I agree with Celebthol. It was the overriding desire of the dwarves to return Khazad-dum to it's former glory that drove Balin to prematurely try to retake it. Enough years had gone by to make Durin's Bane the stuff of legend and the dwarves success at Erebor made them just cocky enough to try the conquest.

Also, I think there was a large dose of revenge involved. The War of the Dwarves and the Orcs which ended in the battle of Azanulbizar in TA 2799 was truly a brutal, grinding and bloody conflict. News of the orcs that had reoccupied Moria must have really ticked the dwarves off and was enough to goad them into trying something rash.


----------



## Elendil3119 (Jun 4, 2003)

What about mithril? Wasn't Khazad-dum still rich with it? I agree with Chymaera's theory, but I think that mithril would have also been a factor. I wouldn't blame Balin in the least for wanting to have his own kingdom. About the Balrog, did the Dwarves of the Lonely Mountain even get good reports of what had happened? I'm sure they heard that Dain had been killed by some sort of creature, but what that creature was was probably a mystery. It could be that revenge, as baragund said, against the Orcs and also the Balrog that was a reason for Balin's return to Moria.


----------



## Beleg (Jun 5, 2003)

> I'm sure they heard that Dain had been killed by some sort of creature



I don't follow you? Dain was killed in the Lonely Mountain during the war of the ring.


----------



## Elendil3119 (Jun 5, 2003)

Did I say Dain? I meant Durin VI. Anyways, my point is that perhaps Balin and Co. did not realize what sort of creature inhabited Moria. A possible factor in their return could have been revenge for the death of Durin VI.


----------



## Eriol (Jun 5, 2003)

As for Balin's motives, I think the ground was pretty well covered by all posters. Mithril; desire to rule; longing for the greatest and oldest of the Dwarf-mansions; a bit of jealousy. All of these could have played a part. (And let's not forget the Ring! In the Council of Elrond Glóin admits that one of the reasons was to find Thrór's Ring).

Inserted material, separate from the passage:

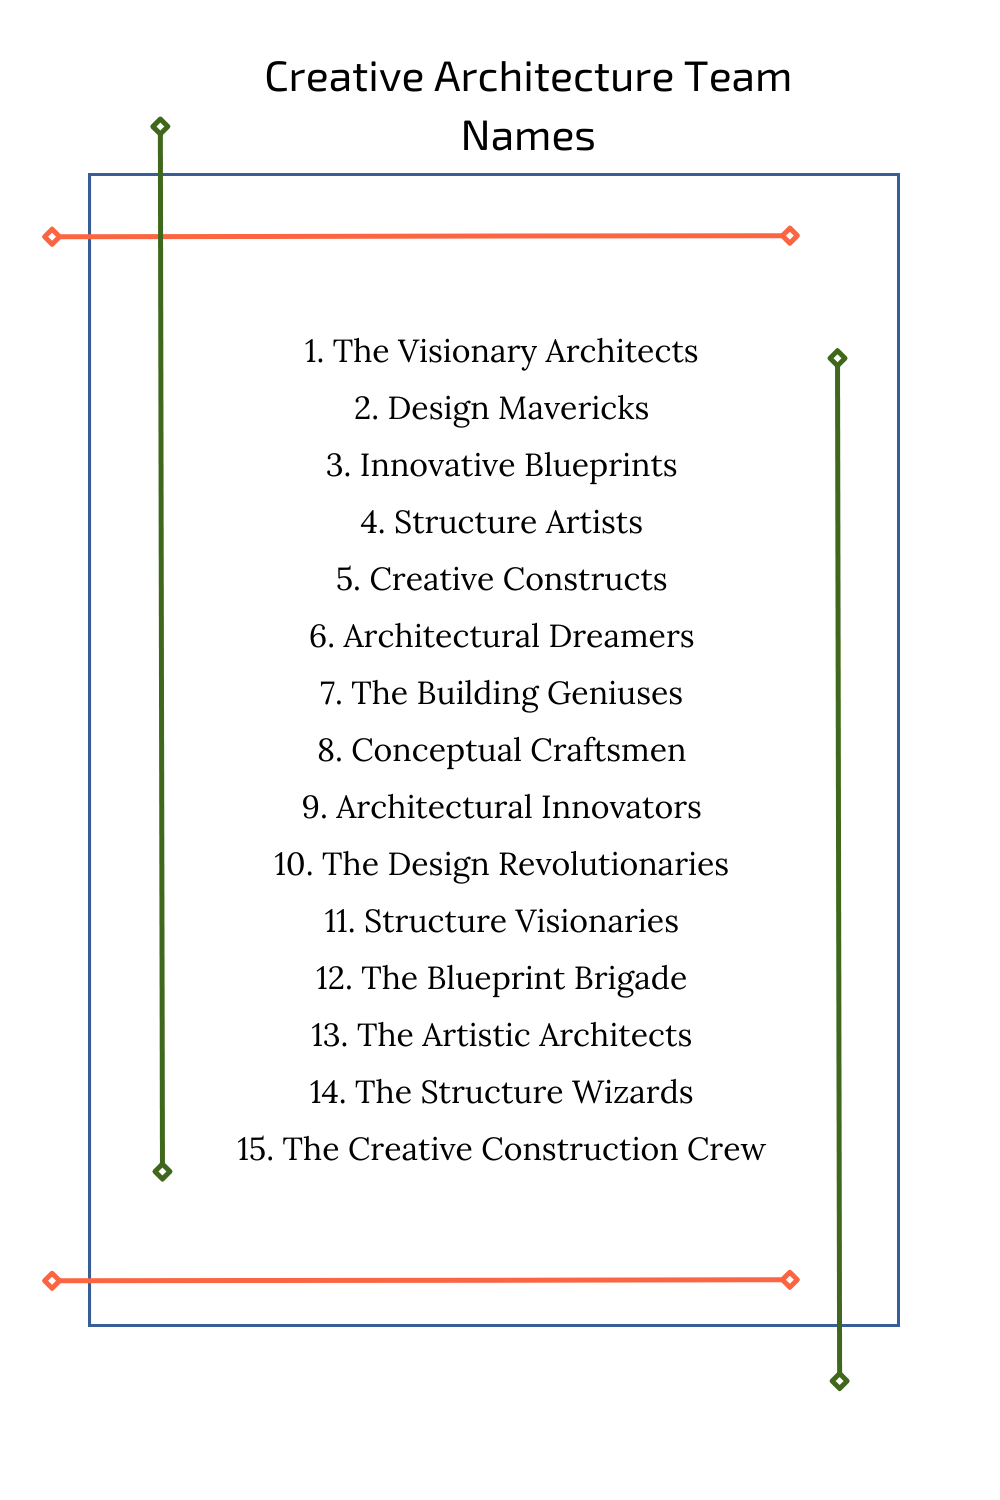 Creative Architecture Team Names

As for Gandalf's influence, I don't see it. I don't think Gandalf visited the Mountain between the Battle of Five Armies and Balin's departure. And certainly, as Chymaera hs acknowledged, Gandalf was surprised at discovering a Balrog in Moria.


----------



## Chymaera (Jun 7, 2003)

> _Originally posted by Eriol _
> *As for Gandalf's influence, I don't see it. I don't think Gandalf visited the Mountain between the Battle of Five Armies and Balin's departure. And certainly, as Chymaera hs acknowledged, Gandalf was surprised at discovering a Balrog in Moria. *


 Read over the last Chapter of the Hobbit again: where nine years after Gandalf and Balin were traveling West and stopped in to visit Bilbo.

That is where I start to speculate


----------



## HLGStrider (Apr 26, 2004)

Hmm. . .

I think Chy's political bit is likely, but it never struck me as how things were. Thorin's dwarves all seem very well off. They're getting fat and rich and having fun. 

I can see Balin at first enjoying the leisure but after awhile the glamor wears off and he starts to look fondly upon the old days when he lived by the seat of his pants, besides he's getting older and he doesn't want to get older. He has one last quest in him.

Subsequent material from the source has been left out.